I’ve heard the words, “but a child can do it,” uttered many times in museums. It’s the immediate response for many people when they view a work of abstract art, particularly work by Picasso. In fact, the phrase, which usually serves as a criticism against the work of art, has been repeated so many times that it’s become a running joke. But this joke—this seemingly limited point of view—is actually a legitimate aesthetic problem in the art world.
Picasso, who gets the heap of this criticism, partly due to his legendary status as a painter, also acts as the greatest example against this criticism. After all, the same man who is famously criticized for painting like a child is equally famous for having said, “It took me four years to paint like Raphael, but a lifetime to paint like a child.” Picasso acknowledges the aesthetic problem of naturalism versus abstraction, and embraces the side of artists and art-lovers that place more value on “child-like” paintings than realistic, anatomical artwork.
The exhibit of Picasso’s lithographs that are on display in the Norton Simon further exemplify the answer to this aesthetic problem of creating abstract art. The exhibit, called “States of Mind,” is open until Feb. 13th and is free for students. I would suggest for anyone, especially those that question the value of abstract art, to see for themselves the visual expression of what Picasso meant when he said it took him a lifetime to paint like a child.

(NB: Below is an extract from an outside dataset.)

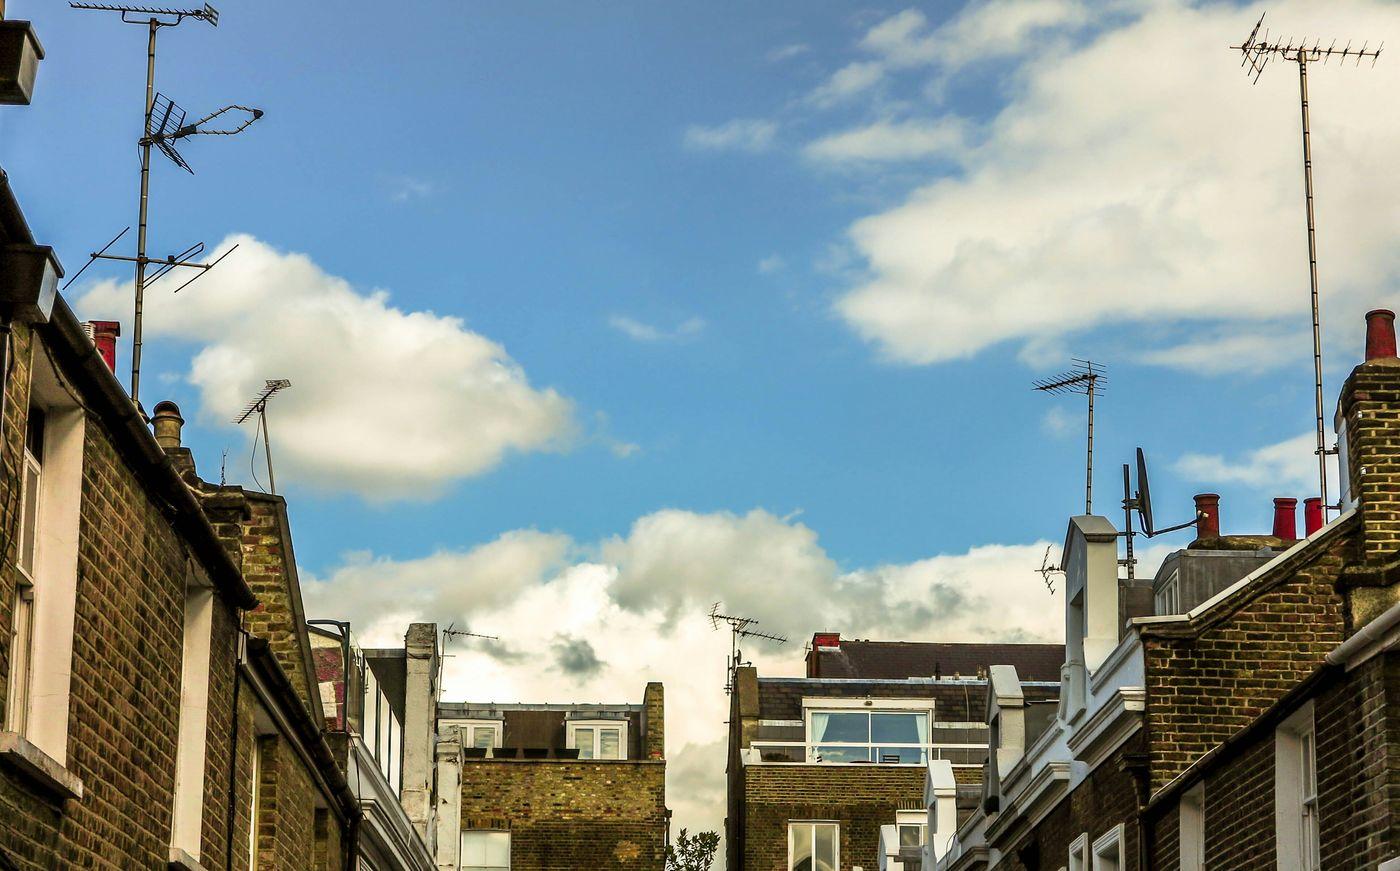 EyeEm Masterclass Popular Sky_collection Portobello Road Portobello Market Nothinghill LONDON❤ Londoncity Londoncalling City Of London

Within the exhibit, Picasso’s “Bull” serves as arguably the best example. In this series of 11 lithographs, Picasso starts with an image of a realistic and painterly bull. As he progresses, he begins to exaggerate the bull’s size and then goes ahead to divide the bull up by its muscles and natural lines of contour. Work like this could only be done with great consideration to and knowledge of anatomy. From the fourth plate onward, Picasso fully styles and simplifies the bull. Every lithograph has progressively less lines and less paint. Picasso once said that “a picture is a sum of destructions” and sure enough, the final lithograph is the culmination of his abstraction via destruction; it is the minimalistic, simple outline of the bull.
The aesthetic issue that arises out of suspicion that it does not take skill to create abstract art is shot down by Picasso’s work. In abstracting a natural image, like a bull, it takes time and precision to transform the image as we see it into the dilution of planes, lines, colors and shapes that compose it. To create an abstract or cubist painting like Picasso does, the painter must thoroughly understand the elements that make up its naturalistic image. Picasso proves this understanding through his great oeuvre of naturalistic paintings, a clear familiarity in the styles of traditional schools of art. Furthermore, his series of lithographs, like the ones on display in “States of Mind,” truly express his ability to leap from naturalism to abstraction.
So the age-old criticism of “but a child can do it” simply does not hold validity when it comes to a man who sought to not only paint like a child, but displays through his art the skill it takes to do so. There’s no doubt that I will continue hearing “but a child can do it” in Picasso exhibits, but I certainly did not hear it in “States of Mind,” nor would I expect to.